Characterized by eating large volumes of food in a short space of time, quite often secretly, and again, this has nothing to do with feeling hungry, and a sense of being out of control during these eating episodes.
These binge eating episodes are followed by forcing oneself to vomit up the food again, or use laxatives, go to the other extreme of fasting, or sudden exercise frenzy — anything to counteract the effect of the calories just consumed.
- Again, sufferers have an obsession with body weight and shape.
- Watch out for evidence that your child may be trying to rid themselves of the food they’ve just eaten. Do they frequent the bathroom after eating meals or snacks and is there any sign, smell etc. that they may have vomited? Have you found any laxatives hidden in their room?
- After meals do they participate in extreme exercise regardless of the weather or their condition (if they’re tired, ill or injured, this is not a deterrent for them.)

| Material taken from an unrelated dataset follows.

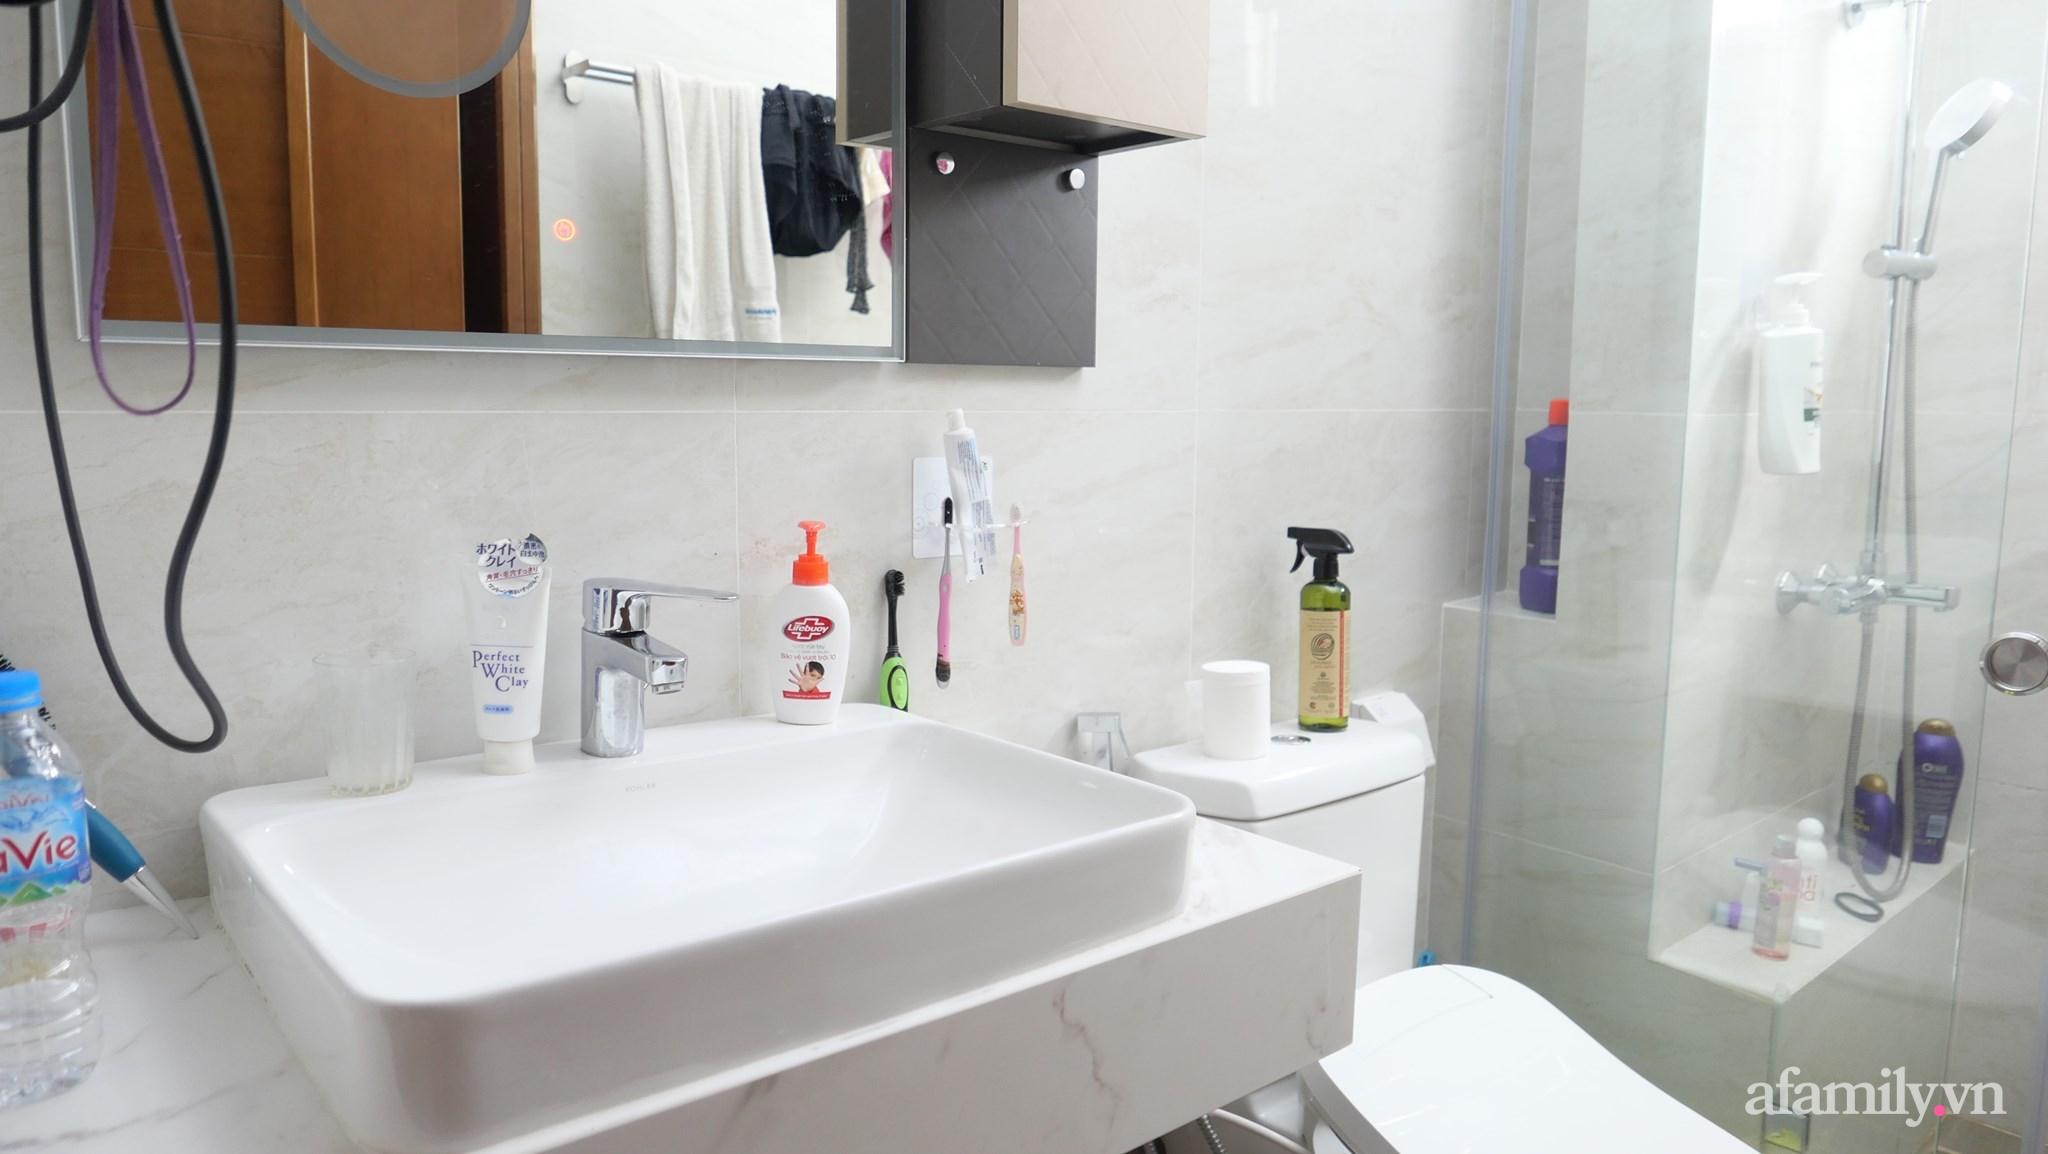 """Biến hình phòng tắm đúng chuẩn hội """"nghiện nhà yêu cây"""" từ những đồ nội thất nhà nào cũng có của cô gái Hà Nội  - Ảnh 4."""

- Look out for swelling of the cheeks or jaw area.
- As with binge eaters, bulimia suffers tend to withdraw from their usual social circles and friends, and design their life around their eating and purging episodes.
- They also have an unhealthy obsession with losing weight and may have a distorted self-image.
Provide healthy foods
If you do have an obese child and you are trying to get them onto a healthier eating plan, don’t make a big deal of it and don’t use the word diet.
In fact, why say anything about it? Just change their usual fattening food choices to healthier food choices. Instead of keeping candy bars and biscuits in the cupboard, stock up on fruits.
Instead of saying things like, “you can’t eat so much candy because it’s fattening”, say something like “you shouldn’t eat so much candy because the high sugar content is bad for your teeth” — divert the emphasis away from dieting and weight matters.
Finally, seek professional advice and help if you suspect your children are suffering an eating disorder.